Figure 2 Analysis of plastic rotational capacity.

For the general reinforced concrete members, the bending usually occurs when the force. Under normal circumstances, the force of the member changes along the direction of the rod shaft, and the cracking of the reinforced concrete beam and column member increases with the load in the process of deformation, which leads to the continuous degradation of the section stiffness. For the deformed reinforced concrete members, the bending moment-curvature recovery model of the members should be established at the section level of the members. Integrating the flexural stiffness of the section along the length of the member can obtain the hysteresis characteristics of the corresponding member and the change of the bending stiffness of the beam-column member along the axial section. The plastic Fiber unit has two main advantages: it is a unit formed based on the flexibility method, so it will not produce the discrete error caused by the distribution of the plastic unit based on the stiffness method; second, the nonlinear performance of the elastic-plastic Fiber unit material is good, which is very suitable for simulating the elastic-plastic deformation of the member. By selecting different Fiber material models, it can more truly reflect the properties of concrete and reinforcement, and at the same time can reflect the core concrete inside the stirrup and the stress performance of unconstrained concrete outside. At the same time, by studying and analyzing the stress-strain relationship of the corresponding key points, we can further grasp and understand the nonlinear reaction law of the components [29].

3.2 Basic Theory of the Nonlinear Finite Elements

The nonlinear problem of a structure can be understood as an analytical problem where the stiffness of a structure changes with its deformation. In reality, the structural force deformation is not linear, and the usual linear analysis is not absolutely accurate, it is an assumption made to facilitate the calculation, which is generally accurate enough for the design. In the theory of plastic mechanics for the structural materials. There are three important basic criteria: yield, flow and reinforcement criteria. The flow criterion reflects the direction of the material plastic strain when the material yields, that is, the plastic strain increment changes with the stress increment. Three reinforcement criteria are provided in ABAQUS, in which the isotropic reinforcement criterion is more applicable to the large strain problem, while the random reinforcement criterion applies to the small strain problem, and the other mixed reinforcement criterion is not common in practical applications [30]. In ABAQUS software provides a variety of plastic material options, which is the following four: bilinear to strengthening BISO, bilinear reinforcement BKIN, multilinear to strengthening MISO and multilinear MKIN geometric nonlinear refers to the structure after the load deformation is larger, is relative to the structure before the large angular displacement or linear displacement, resulting in geometric nonlinear phenomenon, including large displacement, large strain and stress stiffness. Large strain also includes three factors that cause the change of structural stiffness, including cell direction change, cell shape changes and stress stiffness effect. Large displacement includes the “large rotation” and stress stiffness effect, but it is still assumed to be “small strain”. In this paper, when studying the ductility of the structure, a large displacement must be applied on the top of the pier, which makes the analysis problem geometric nonlinear.
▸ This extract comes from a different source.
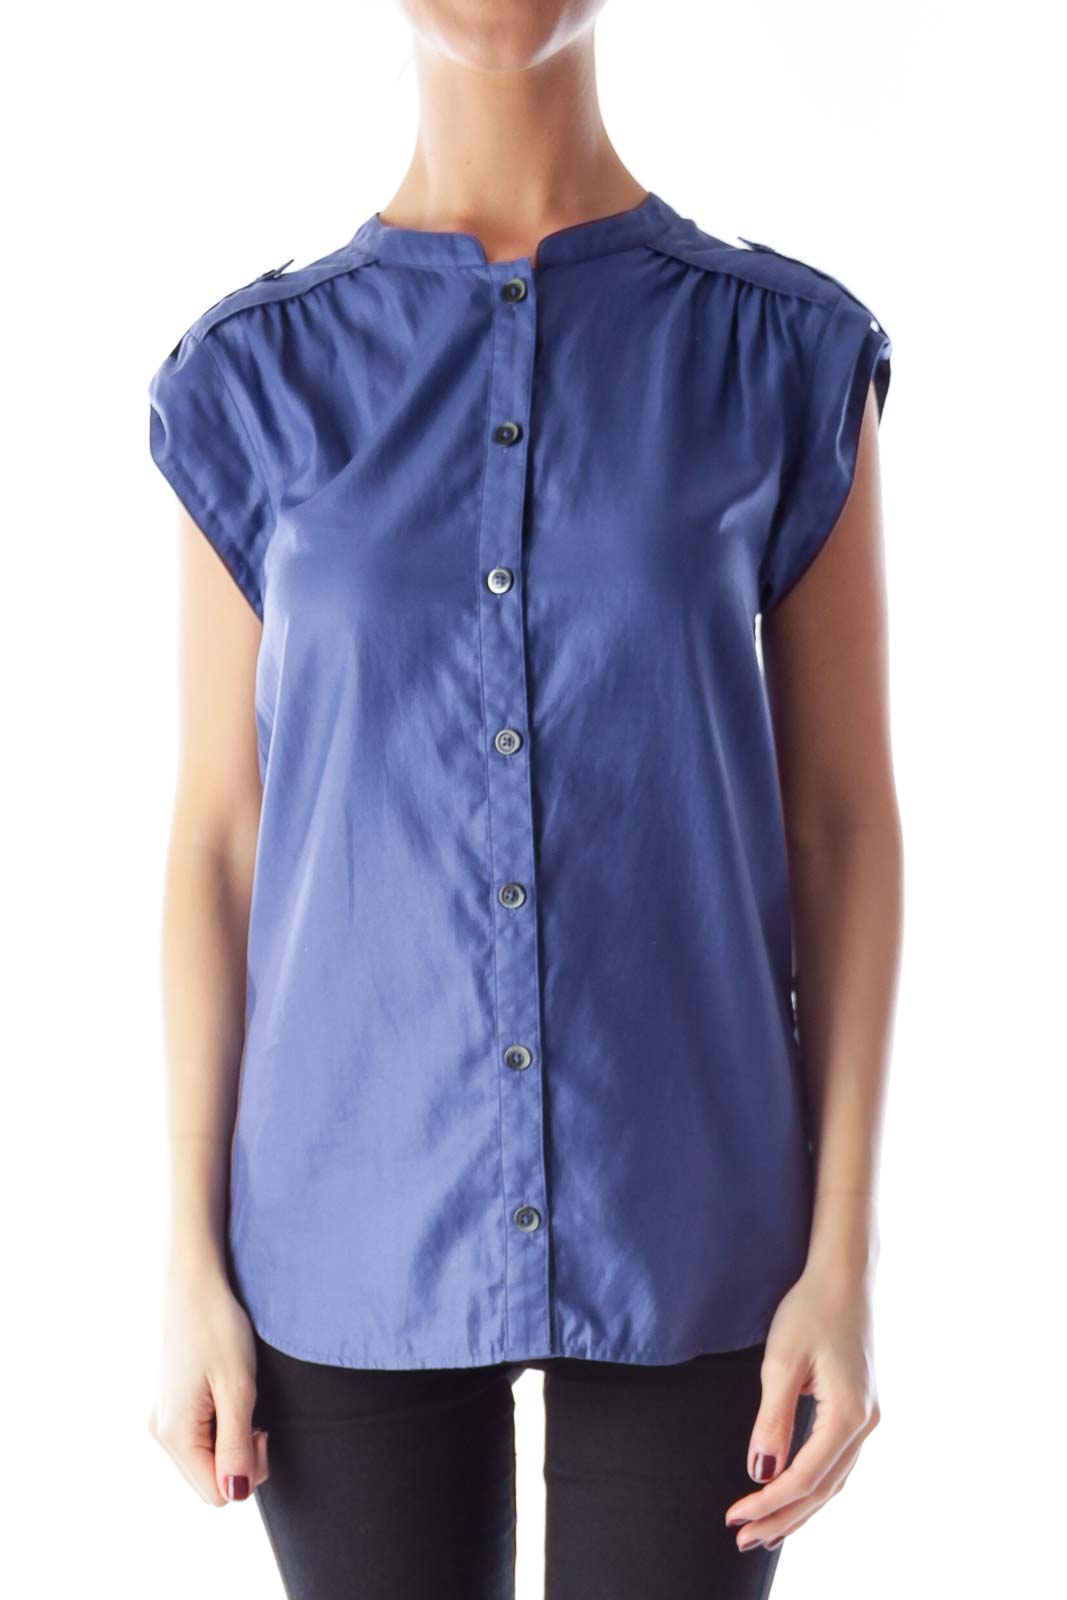 Blue Short Sleeve Shirt Front

Material nonlinearity refers to the structural nonlinearity caused by the nonlinear stress-strain relationship of the material itself, which can be divided into two categories: time-dependent viscoelastic and viscoplastic problems and elastic-plastic problems independent of time. In this paper, the pier plastic hinge will enter the plastic strengthening stage with the increase of loading, and its deformation and strain are large, so there is the problem of material nonlinearity. The finite element analysis software ABAQUS has its rich unit library, divided into eight categories: shell unit, solid unit, thin film unit, rod unit, beam unit, rigid body unit, infinite element and connection unit. Figure 3 shows the simulated seismic force model. This paper studies the ductility performance of bridge high piers under the action of simulated seismic force, and should be applied to the continuum unit of stress-displacement. In ABAQUS, the types of continuum units are very rich, including three-dimensional and two-dimensional secondary units and linear units, which can use complete integral and subtraction integral respectively, in addition, there are modified Tet and Tri units, and hybrid mode units and non-coordinated units.

Figure 3 Simulated seismic force model diagram.

The model of the bending reinforcement only considers the compression bending of the reinforcement. The tile seismic capacity of bridge high pier, the structure should be loaded until the elastoplastic deformation stage and the failure limit state. The injury plasticity model proposed by Lee and Fenves to determine, it is designed to analyse that, under the conditions of cyclic loading and dynamic loading, For the mechanical response of concrete structures to provide appropriate material models, It takes into account the tensile properties of the material, It is mainly used to simulate the non-recoverable material degradation due to damage under low hydrostatic pressure. The plastic injury model is a continuum injury model based on the plasticity theory. The model can be used for one-way loading, dynamic loading and cyclic loading, while the model has good convergence.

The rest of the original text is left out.